The Arduino IDE from arduino.cc is simple a good for hobbyists who are starting in the Arduino world and for people who want to continue to play around. But as an software developer, I found myself yearning for more, like content assist and source control and such.

CDT is a natural for Arduino, at least once you realize that the Processing environment is almost C++ and once you give into the dark side, you can use all the goodness that comes with CDT for it.

So this work is aimed at hobbyists who want to use a professional environment and get into the world of Eclipse. Once their, they'll discover that Eclipse is a great IDE for IoT that lets you program everything from your Arduino, to cloud services, to web and mobile clients.

Architecture

The Arduino CDT provides a new project wizard to set things up. It generates a Makefile that is used to build and download the binary to the board. It provides a IRemoteConnection type to hook up to the serial monitor to interact over the UART. As a bonus, that gives us a target for the LaunchBar so you can use the Run button to download and start the application.
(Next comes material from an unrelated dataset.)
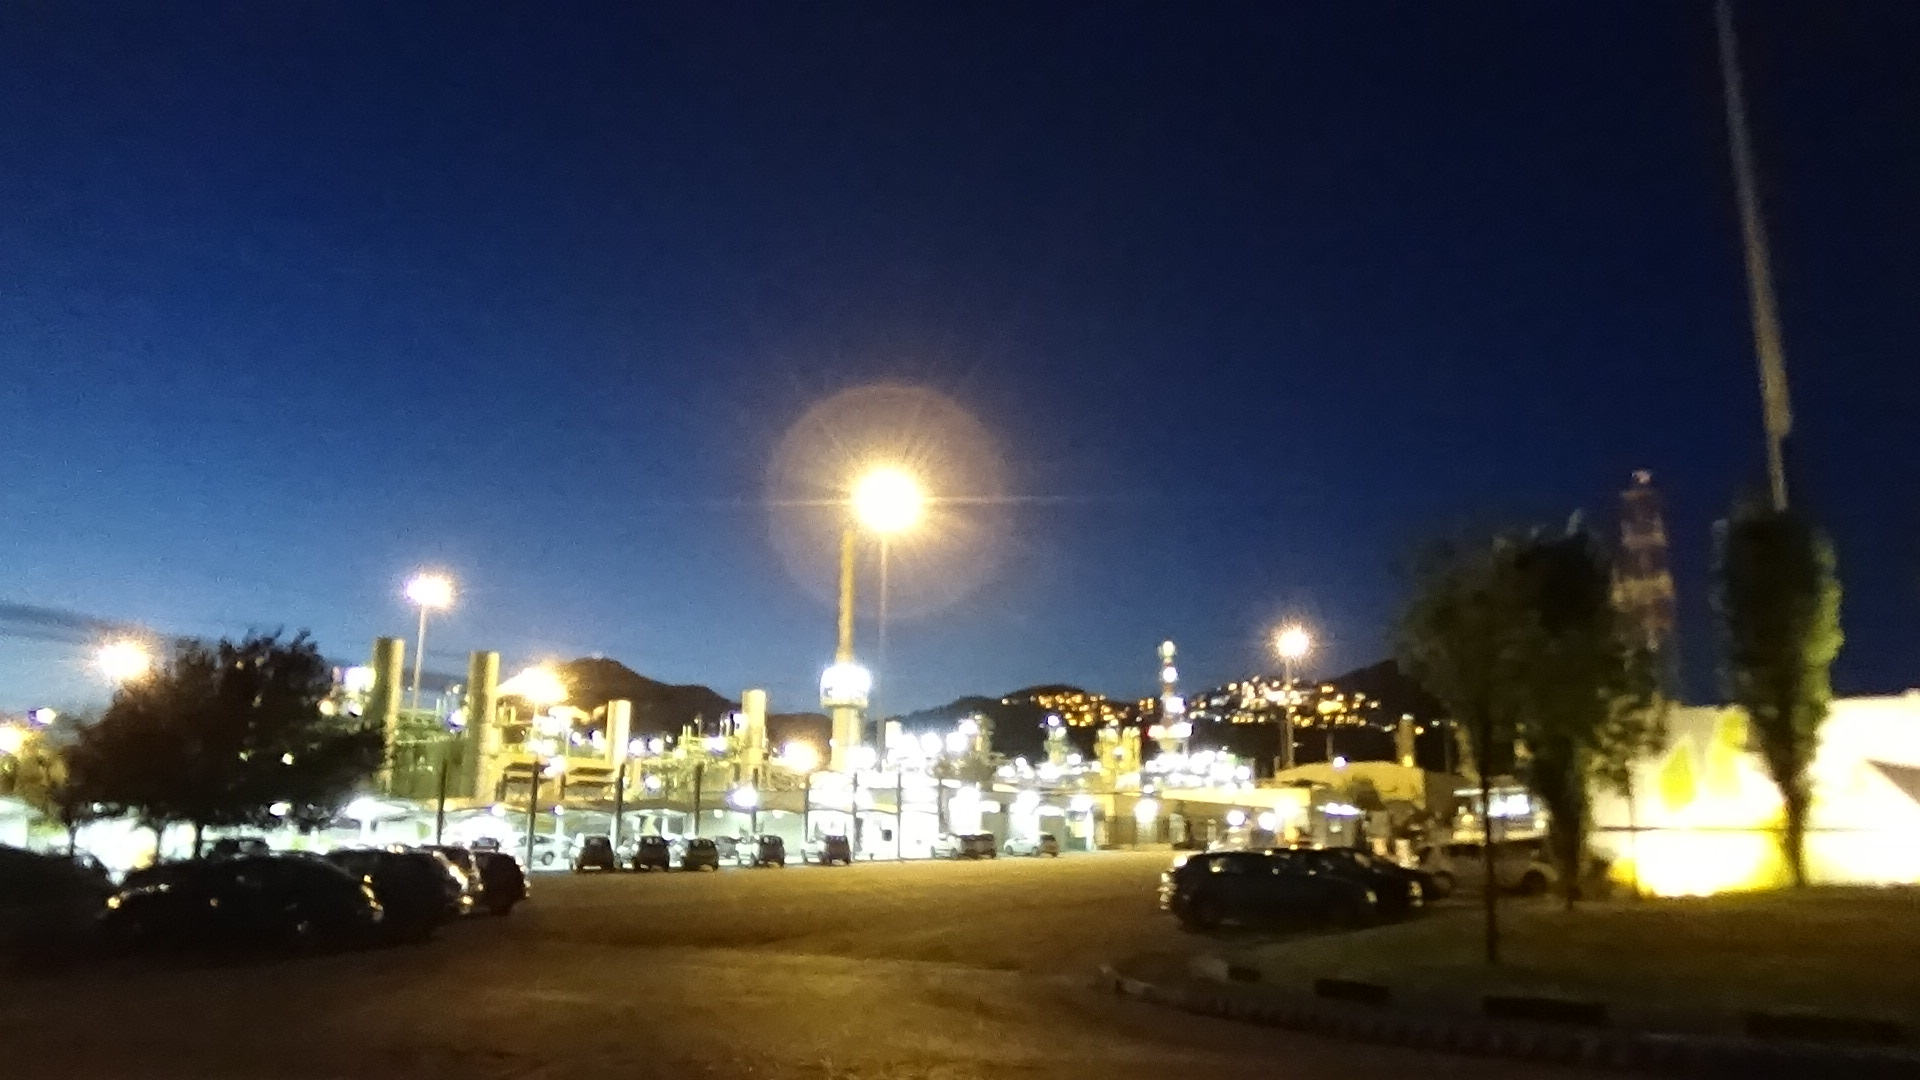 il Cova in notturna - ingresso principale - 2016

Note there is no debugger for Arduino so the serial monitor is all you got.

TODO

With Mars, we shipped a simplified version of the end product. It only supports the Uno, but lets us demo the CDT integration. One of the cool things the Arduino team has done is provide metadata files and independent downloads of the tools and libraries so we can actually set up our own environment. And with that, we can get rid of the hard coding. Here's the items we need to finish.

Generate Makefiles

Since more and more boards are getting added, I should generate the Makefiles for each board. All the information should be in the *.txt files under hardware/** directories.

We need to implement a builder to create the necessary directories, generate the makefile, and then call make. We should be able to extend the external builder to do that.

Boards and Library Manager

The Arduino IDE offers Managers to download new hardware files for boards and new library files to program different devices. We should offer the same.

Things not on the plan at the moment

The arduino.cc IDE has the ability to burn bootloaders. Not sure how common that feature is used so we'll leave it for later (if at all). If you need to burn your bootloader, you can still install and use the Arduino IDE.